La déflagration se fait entendre à des dizaines de kilomètres. Le bruit, suivi du silence, surprend. Une seconde, les corps serrés d’un vendredi soir, la foule comme une bête à tentacules, bruyante, bouillonnante, pas des créatures mais une créature qui s’étire, sûre de son pouvoir. La vie pavée de certitudes. Et puis, la seconde suivante, un éclair qui coupe le ciel en deux comme s’il scindait la Terre.

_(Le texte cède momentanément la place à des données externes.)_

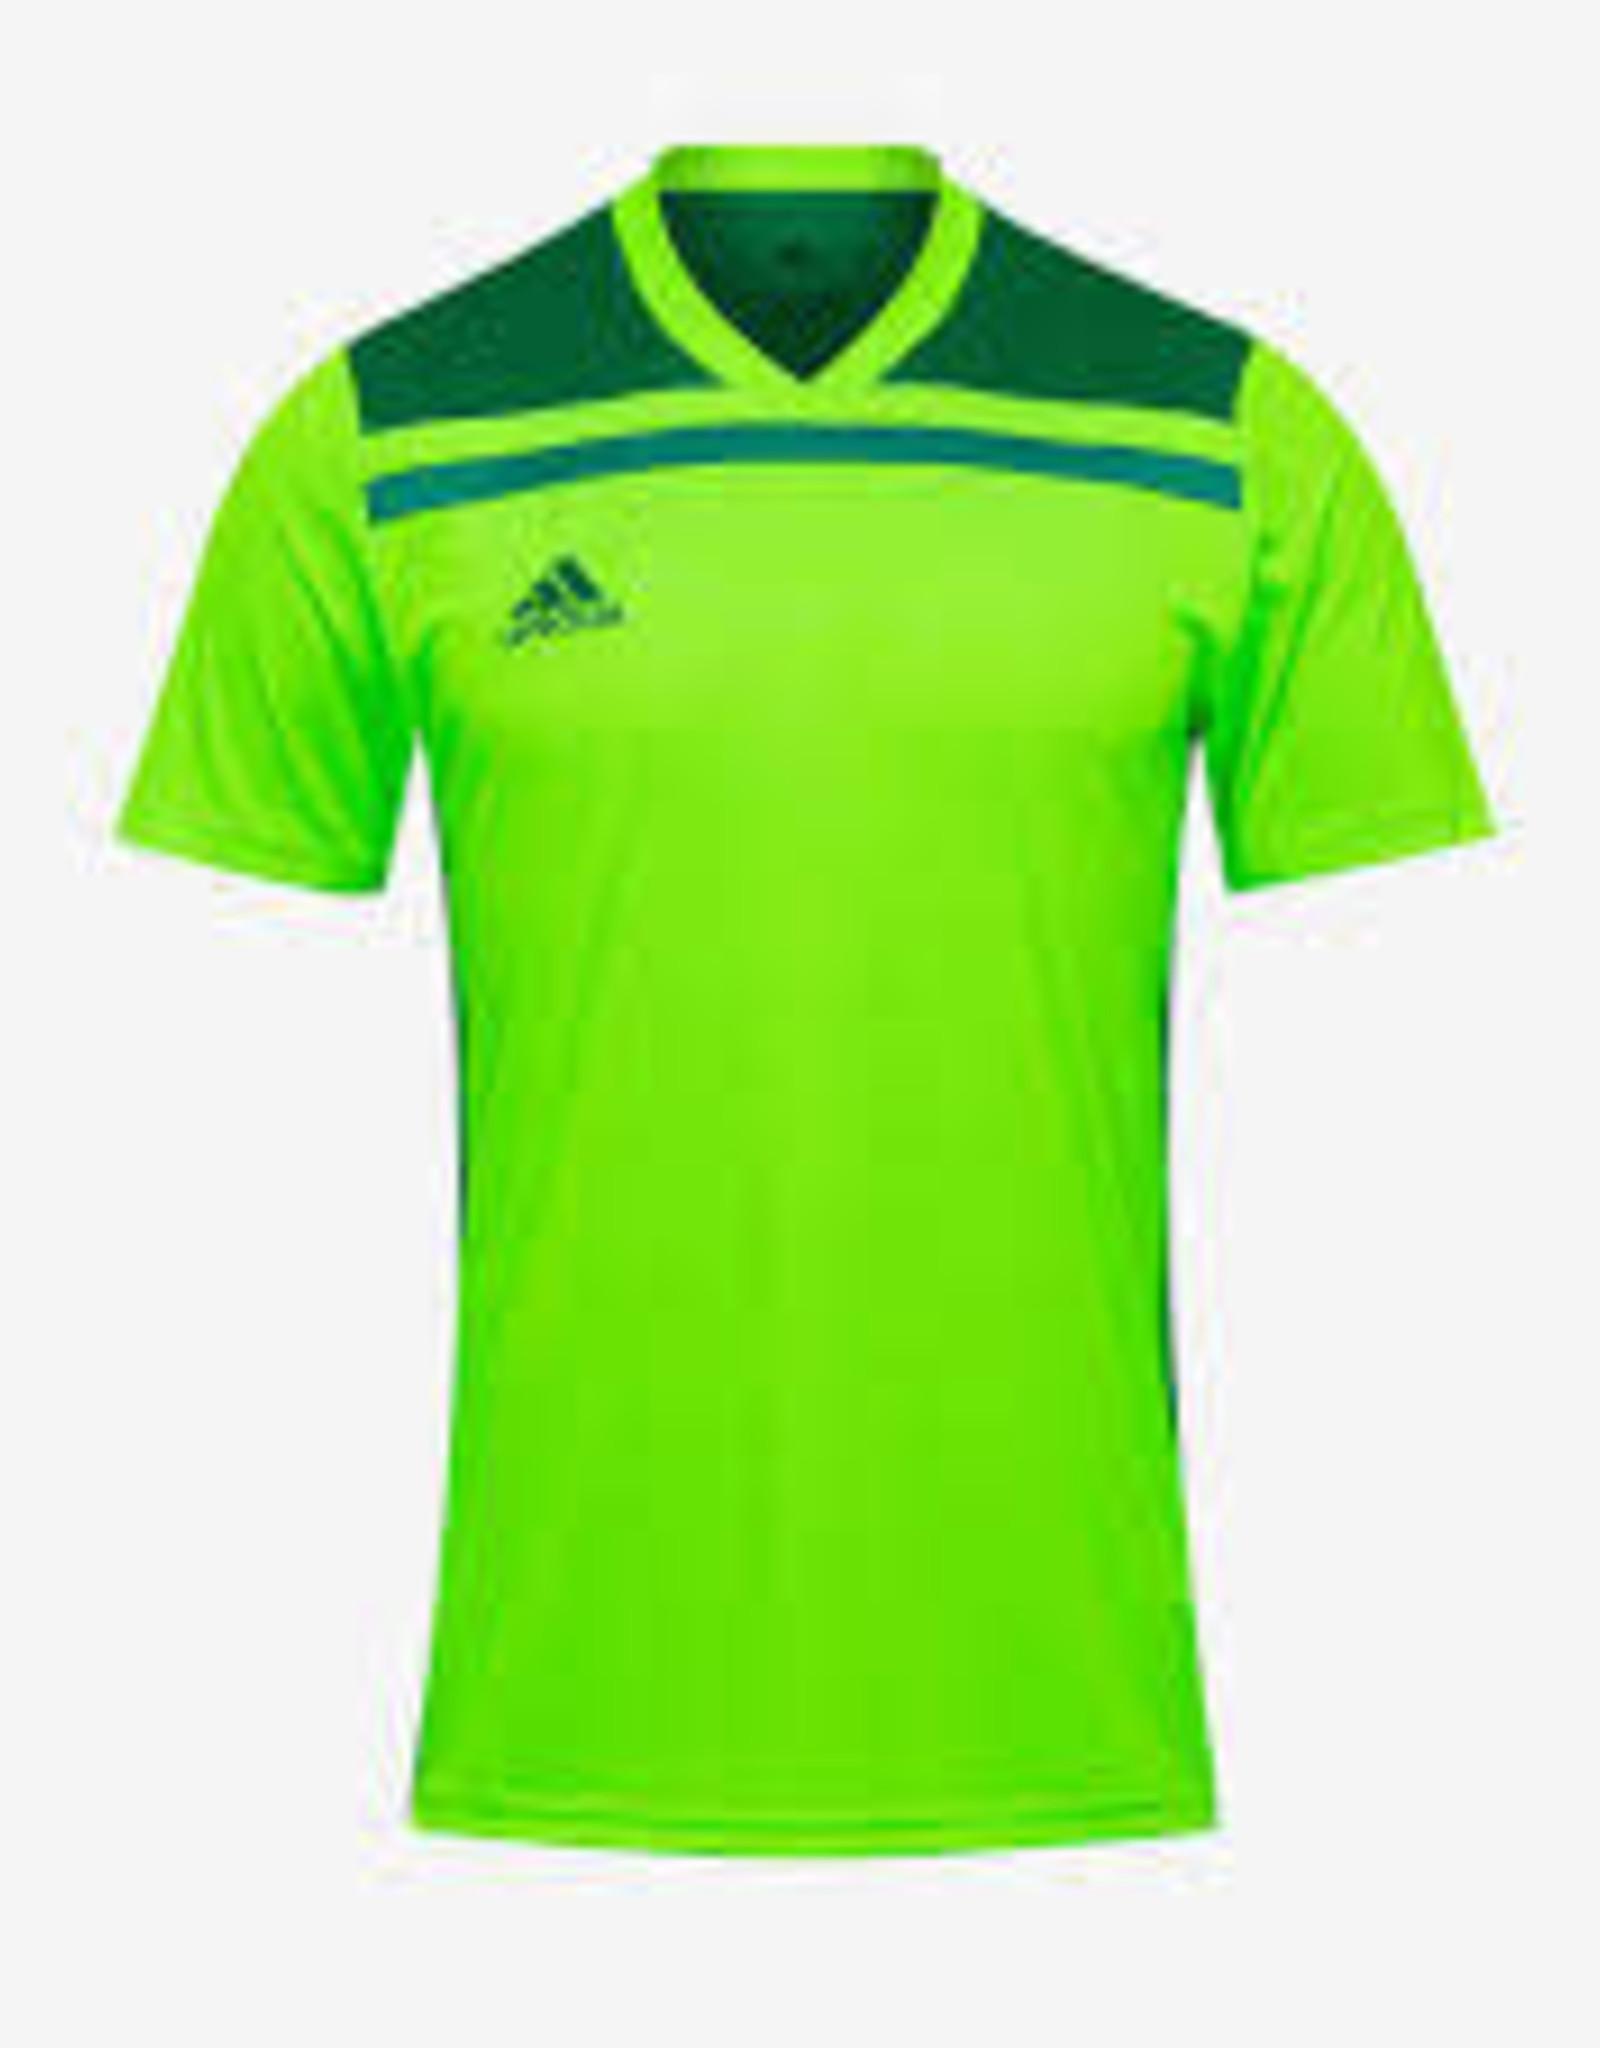 Adidas Tshirt Groen

Depuis le trottoir d’en face, à plusieurs dizaines de mètres, il y en a un qui dira l’avoir vue. Cette femme les yeux fermés, seule, qui ne faisait rien d’autre qu’attendre. Elle ne fumait pas de cigarette, ne semblait pas guetter quelqu’un. Elle était juste là. L’explosion l’a fait tomber à terre. Il racontera qu’autour de lui, le monde s’est éteint. Plus de bruit, plus de lumière. Comme si on avait baissé le son de la fin du monde. Pendant de longues secondes, la vie s’est suspendue, partout, tout le monde retenait son souffle. Et puis le déluge. Des débris qui retombent comme de la neige, une épaisse fumée grise ressemblant à un monstre, l’enfer qui se découvre quand la poussière retombe, les flammes, les cris. Les trottoirs rougis. Et là où elle s’était tenue, un trou noir.